Tesserocr vs. Pytesseract (2024)

Tesserocr is a Python wrapper around the Tesseract C++ API. Whereas Pytesseract is a wrapper for the tesseract-ocr CLI.

Therefore with Tesserocr you can load the model at the beginning or your program, and run the model separately (for example in loops to process videos). With pytesseract, each time you call image_to_string function, it loads the model and processes the image, therefore being slower for video processing.

Tesserocr vs. Pytesseract (3)

For my Universal Commercial Code web scraping jobs, I have to convert over 200,000 tif files to text. I had used Pytesseract for years but needed something faster. I really had not needed this until my most recent customer. After some research, I stumbled upon Tesserocr.
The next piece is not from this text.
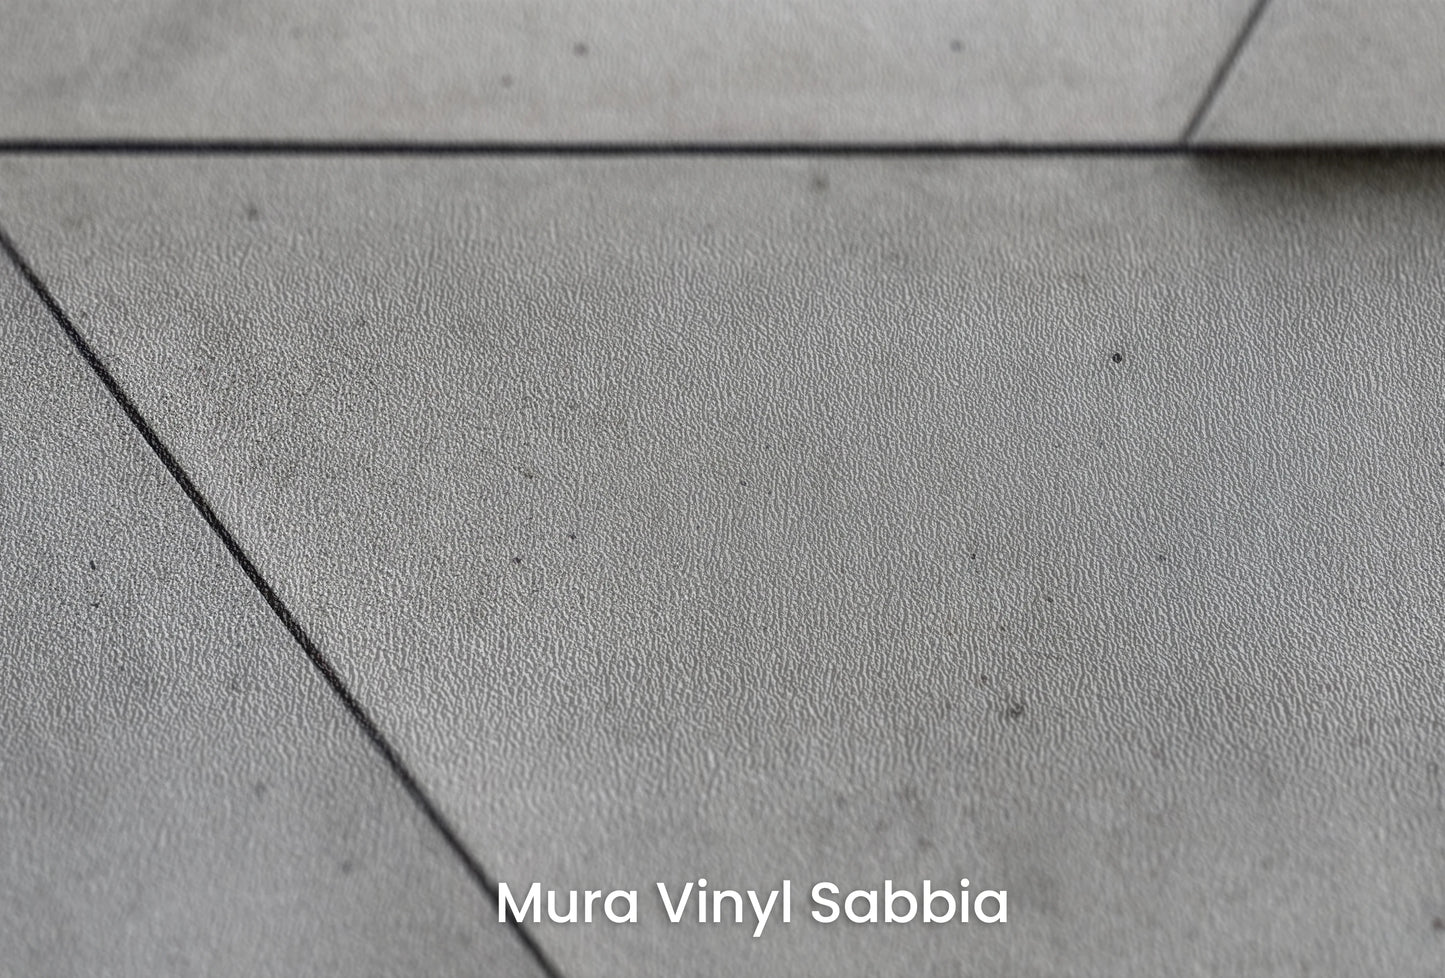 Zbliżenie na artystyczną fototapetę o nazwie Angular Mosaic na podłożu Mura Vinyl Sabbia struktura grubego ziarna piasku.

However, I ran into a problem, I have image files containing multiple pages. I was able to handle this problem with Pytesseract but the same solution failed with Tesserocr. If someone has a better solution than ImageMagick. I used ImageMagick to create separate png files for each page in the tiff file. I then order the png files, and finally process each page and produce one text file for each tiff image. Don’t forget to use Image.MAX_IMAGE_PIXELS = None to handle very large image files — otherwise, you receive a warning. That is pretty much it.

import tesserocr
import os
import pandas as pd
from datetime import datetime
from PIL import Image
from glob import glob
Image.MAX_IMAGE_PIXELS = None
api = tesserocr.PyTessBaseAPI()

files = glob('*.tif')
filesProcessed = []

for f, file in enumerate(files):
if f >= 0:
try:
start = datetime.now()
text = ''
os.system(f'magick convert -verbose {file[:-4]}.tif scratch/{file[:-4]}.png')
pngs = glob('scratch/*.png')
pngs = sorted(pngs)
print(len(pngs))
for png in pngs:
pil_image = Image.open(png)
api.SetImage(pil_image)
text = text + api.GetUTF8Text()
filename = file[:-4] + '.txt'
with open(filename, 'w') as n:
n.write(text)
for png in pngs:
os.remove(png)
end = datetime.now()
filesProcessed.append([file, len(pngs), start, end, end - start])
except:
print(f'{file} is a corrupt file')
pass

df =…

Tesserocr vs. Pytesseract (2024)
Top Articles
Latest Posts
Article information

Author: Roderick King

Last Updated:

Views: 5972

Rating: 4 / 5 (51 voted)

Reviews: 82% of readers found this page helpful

Author information

Name: Roderick King

Birthday: 1997-10-09

Address: 3782 Madge Knoll, East Dudley, MA 63913

Phone: +2521695290067

Job: Customer Sales Coordinator

Hobby: Gunsmithing, Embroidery, Parkour, Kitesurfing, Rock climbing, Sand art, Beekeeping

Introduction: My name is Roderick King, I am a cute, splendid, excited, perfect, gentle, funny, vivacious person who loves writing and wants to share my knowledge and understanding with you.